Inbox Alliance - Friday, July 24, 2009
As organisations increasingly realise the popularity among their employees of using Facebook, and the fact that it provides an alternative email platform, more research is coming out about the impact that Facebook has in the workplace on productivity .

The latest survey, from Nucleus Research, is likely to rattle some corporate cages. The title of the research will provide a clue as to its key findings: “Social Notworking”. Among the standout headlines:
• one in 33 office workers has built their entire Facebook profile during work hours;
• the average office worker access Facebook for 15 minutes a day;
• 87 per cent of office workers have a Facebook account .

At Inbox Alliance HQ, we are hungry for data about Facebook. In our minds, Facebook generally divides the office team between the Gen Y’s (who organise their lives through Facebook) and the Luddite  Baby Boomers  who just don’t get it (guess which generation the author is in?).

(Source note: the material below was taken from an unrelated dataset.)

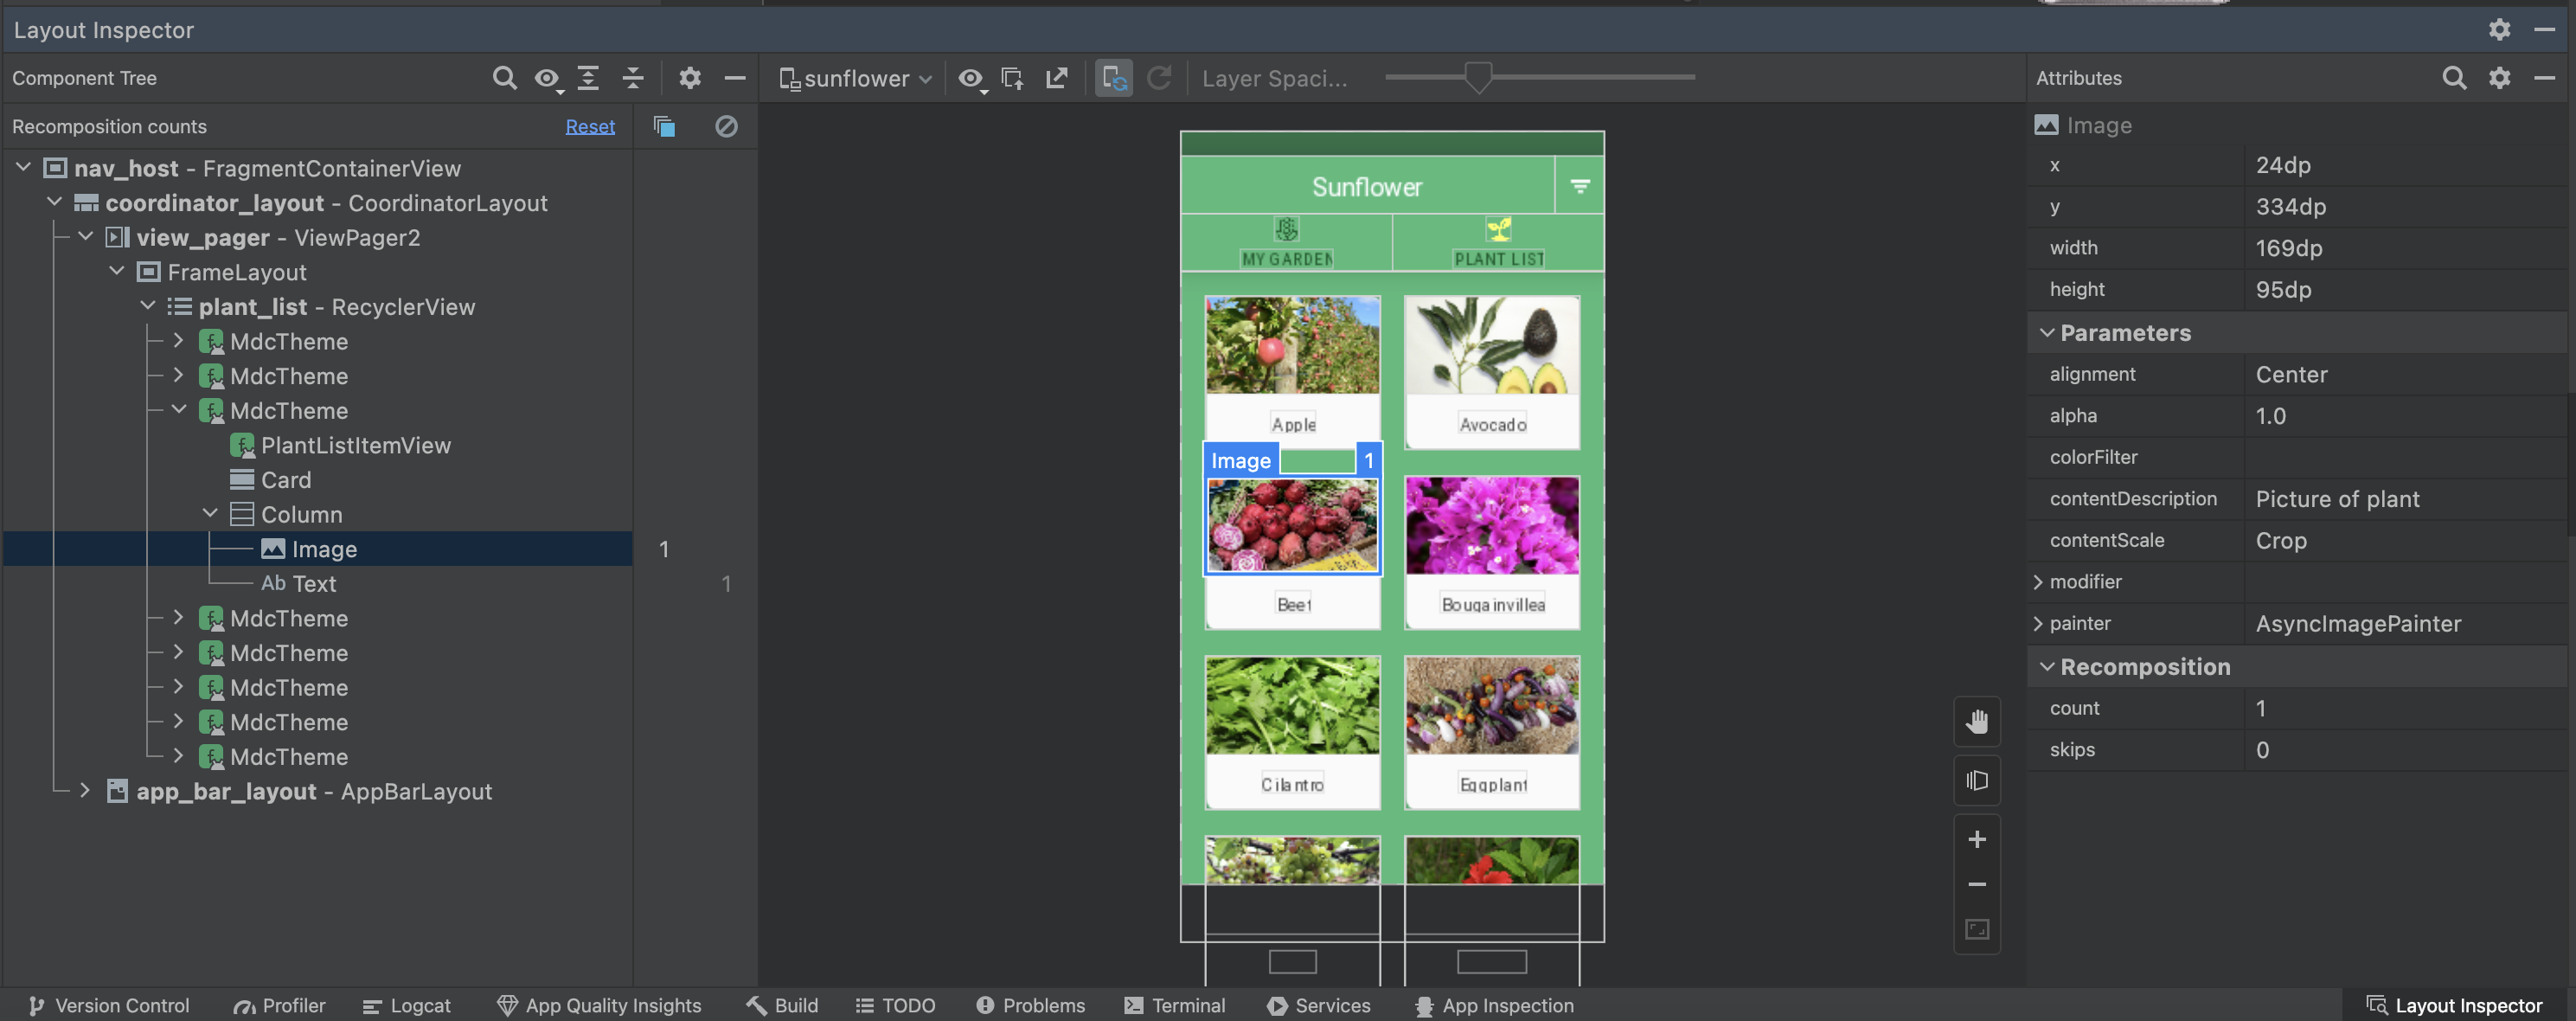 Captura de tela do Layout Inspector para o app de exemplo Sunflower

The Nucleus research team draw some very interesting conclusions from their research. They argue that facebook is fast becoming an alternative to email. This will be news to many people over 30. They also argue that tech savvy email workers (read mostly Gen Y) realise that their corporate email and personal webmail accounts are monitored by corporate IT security.  Facebook messages are not monitored, so it an excellent way to circumvent corporate email security.

My thinking is that Facebook represents the famous Andy Grove strategic inflection point  of the future of email: the Gen Others are setting up a page, getting the Facebook emails, and switching off. Gen Y are embracing this medium and others that are emerging. When we are writing about electronic communication in 5 years time, we’ll be writing about the various types of IM and social networking platforms far more than we are about email etiquette on Outlook or Lotus Notes. I think the email workplace survey we are conducting will add fuel to this fire.

The only question that remains in my mind is what response we’ll get from corporate IT  to the Facebook (and others) “threat” (although that might be predictable), and how long before my generation innovates to bypass all those controls once again.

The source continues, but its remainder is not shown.